Representing Knowledge in the Digital Humanities (Saturday, September 24, 2011)
Pasin, Michele. Research Associate, Kings College, London
Title: Prosopography and Computer Ontologies: towards a formal representation of the ‘factoid’ model by means of CIDOC-CRM
Abstract: Structured Prosopography provides a formal model for representing prosopography: a branch of historical research that traditionally has focused on the identification of people that appear in historical sources. Pre-digital print prosopographies, such as Martindale 1992, presented its materials as narrative articles about the individuals it contains. Since the 1990s, KCL’s Department of Digital Humanities (formerly known as Center for Computing in the Humanities) has been involved in the development of structured prosopographical databases, and has had direct involvement in Prosopographies of the Byzantine World (PBE and PBW), Anglo-Saxon England (PASE), Medieval Scotland (PoMS) and now more generally northern Britain (“Breaking of Britain”: BoB), and is currently in discussions about others. DDH has been involved in the development of a general “factoid-oriented” model of structure that although downplaying or eliminating narratives about people, has to a large extent served the needs of these various projects quite well.

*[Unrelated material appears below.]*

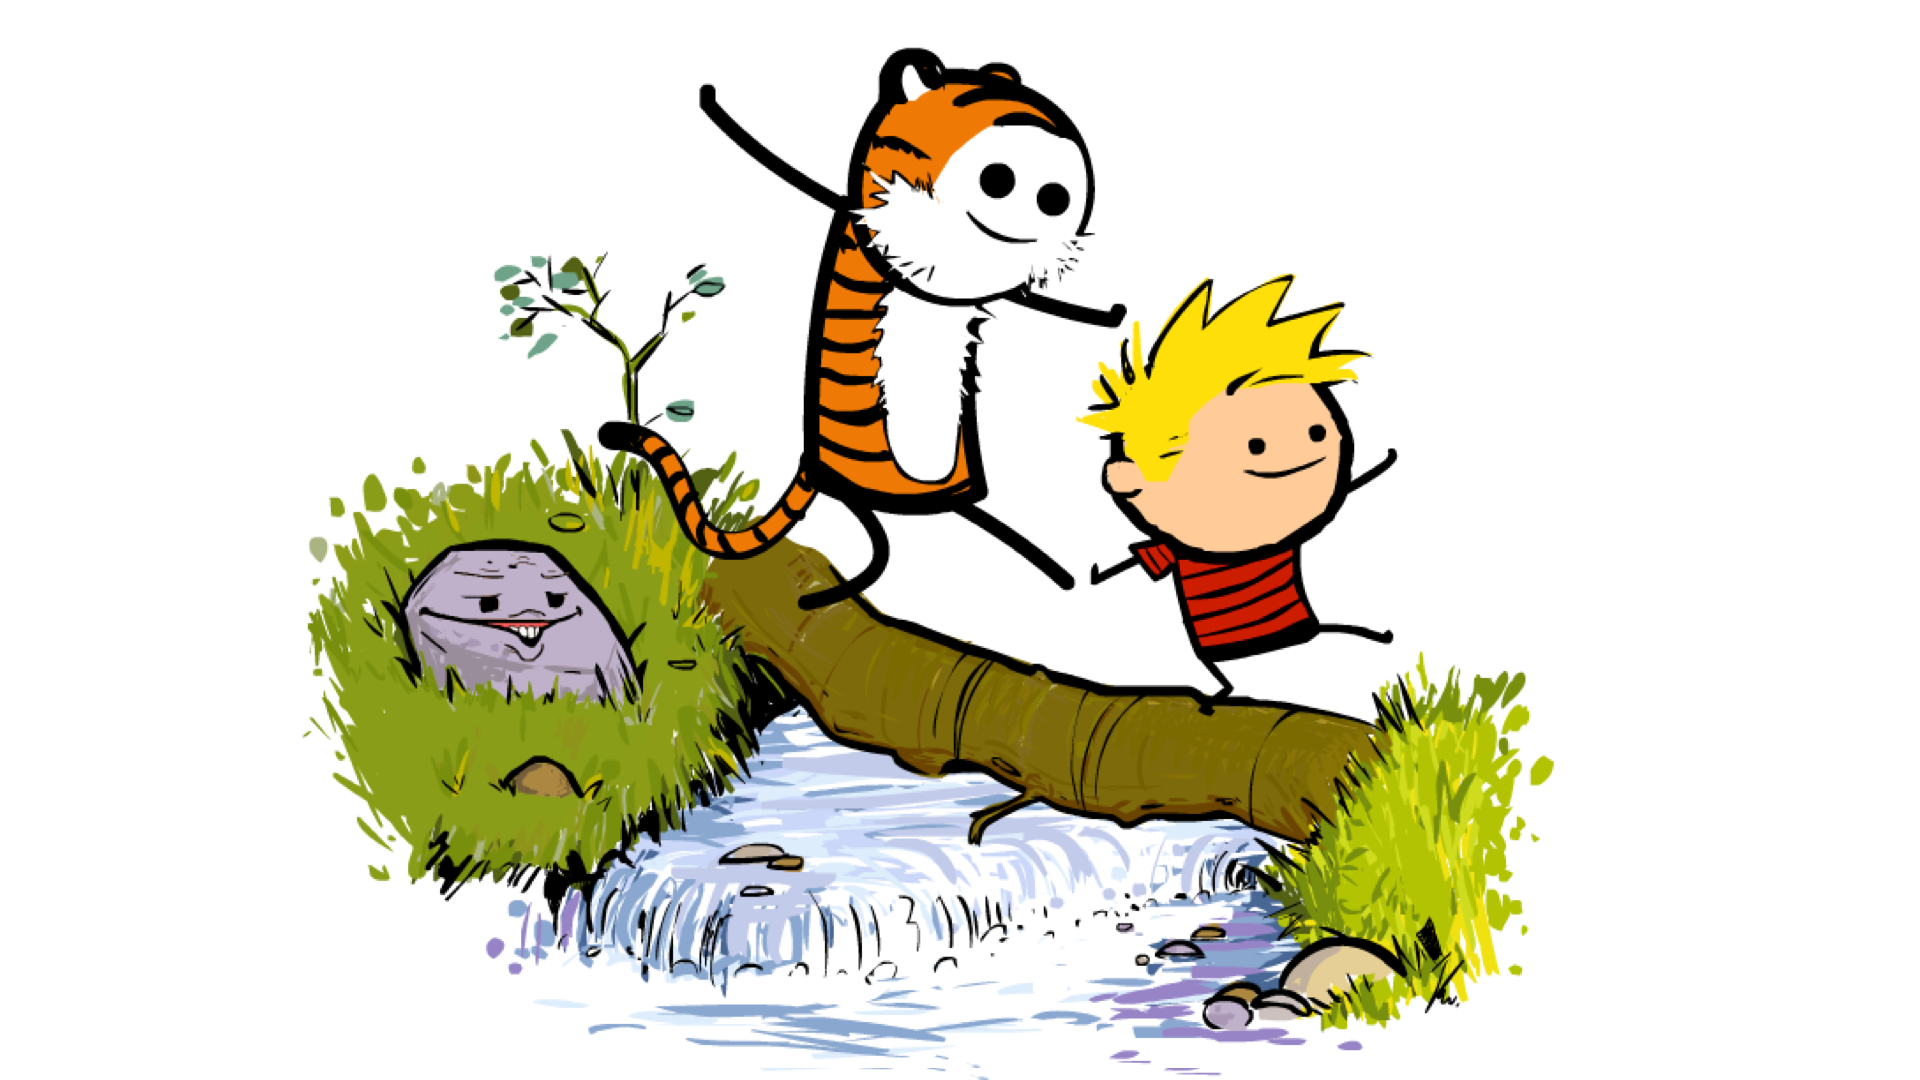 General 1920x1080 Calvin and Hobbes Cyanide and Happiness mash-ups humor crossover log cartoon artwork white background DeviantArt
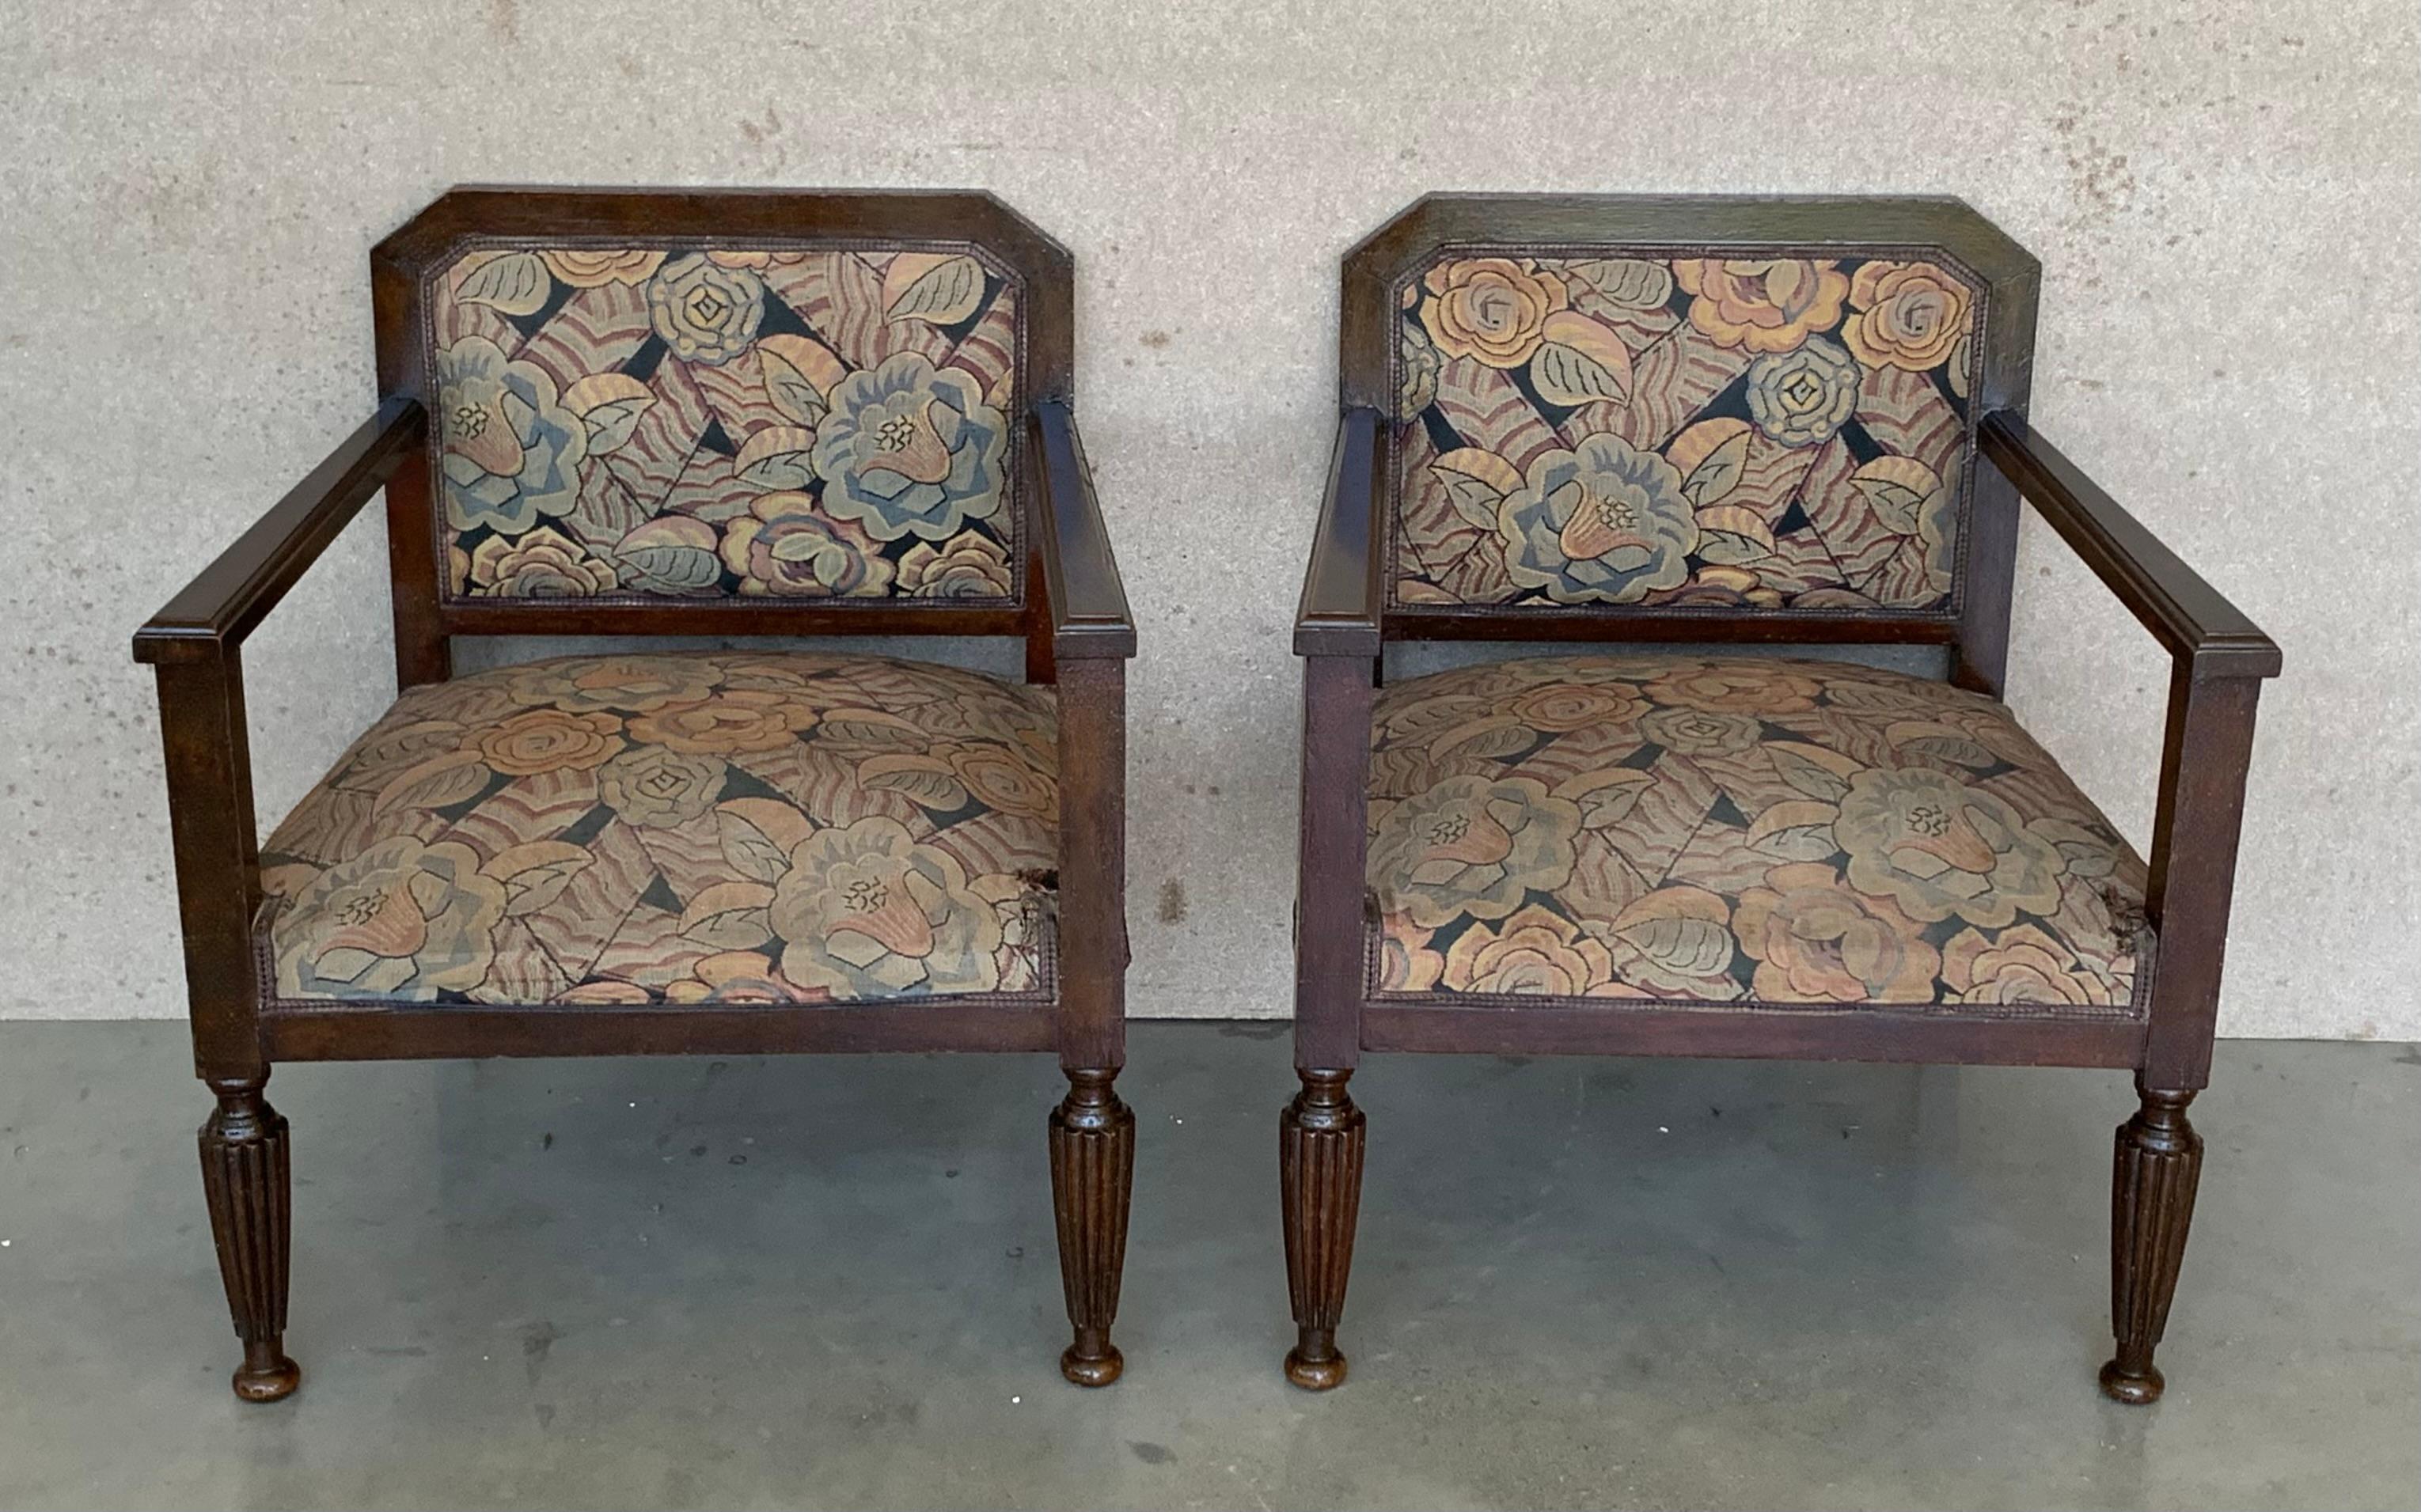 Beautiful Art Deco lounge chairs with the typical design and fabric of this period. Very comfortable , wood in perfect condition and restored. The fabric needs a reupholster.

DDH’s factoid-oriented prosopographical model are currently all expressed using the entity-attribute-relationship model of the relational database. The structure formally identifies obvious items of interest: Persons and Sources, and extends to related things like Offices or Places. In our prosopographical model the Factoid is a central idea and represents the spot in a primary source where something is said about one or more persons. It links people to the information about them via spots in primary sources that assert that information. By creating “factoids” which assert things about what the source says about people, the factoid approach prioritises the sources, and our historians’ reading of them. Our data about a person is not, then, so much a narrative that presents a summary written by the prosopographer (as it was in the articles about persons included in pre-digital prosopography) as a collection of information about what the sources say about him/her, and can represent the multiple, perhaps contradictory, voices of the different sources simultaneously: one saying she is a Saxon, but another saying that she was from Northumbria.
Bradley and Short (2005) has a more complete overview of the factoid model than what there is room for here. Recent development, particularly the WWW, and its related technologies around the Semantic Web have promoted the possibility to both interconnecting dispersed data, and allowing it to be queried semantically. Central technologies to support this approach are ontology languages such as RDF and OWL. Modelling the work of prosopography in a framework such as OWL is in many ways similar to relational database modelling: including the idea of classes and slots which correspond quite closely to entities and attributes in RDB modelling, and in the handling of relationships between data. So far, the DB structured approach has served our approach to prosopography well – producing digital resources that are well received by the research community, and the broader public. What, then, are the advantages of rendering our prosopographical material which is already highly structured into an ontology instead? First, ontology systems such as OWL, by being a part of the Semantic Web initiative, are designed to inter-operate between independent resources. Our recently started project called The Breaking of Britain – which will produce separate prosopographical databases of people in Scotland and Northern England, will be our first experience of the need for substantial linking and searching between them. Second, ontology systems provide a mechanism to engage more heavily first order logic in the search. (There is something of an introduction to this issue in Zöllner-Weber 2009, although in the field of literary scholarship). First order logic could help with genealogical data (where an asserting that A was son of B, also can be interpreted as stating that B was mother or father of A), and can facilitate the management of the complex date searching needs of materials from Medieval times. Finally, we expect that a full ontological expression of our approach to prosopography will provide a richer and more transparent formal expression of the semantics attached to our approach than we have at present. As a result, such a prosopographical ontology will embody a shared conceptualisation of the field useful to both computers and people (cf. Gruber, 2000).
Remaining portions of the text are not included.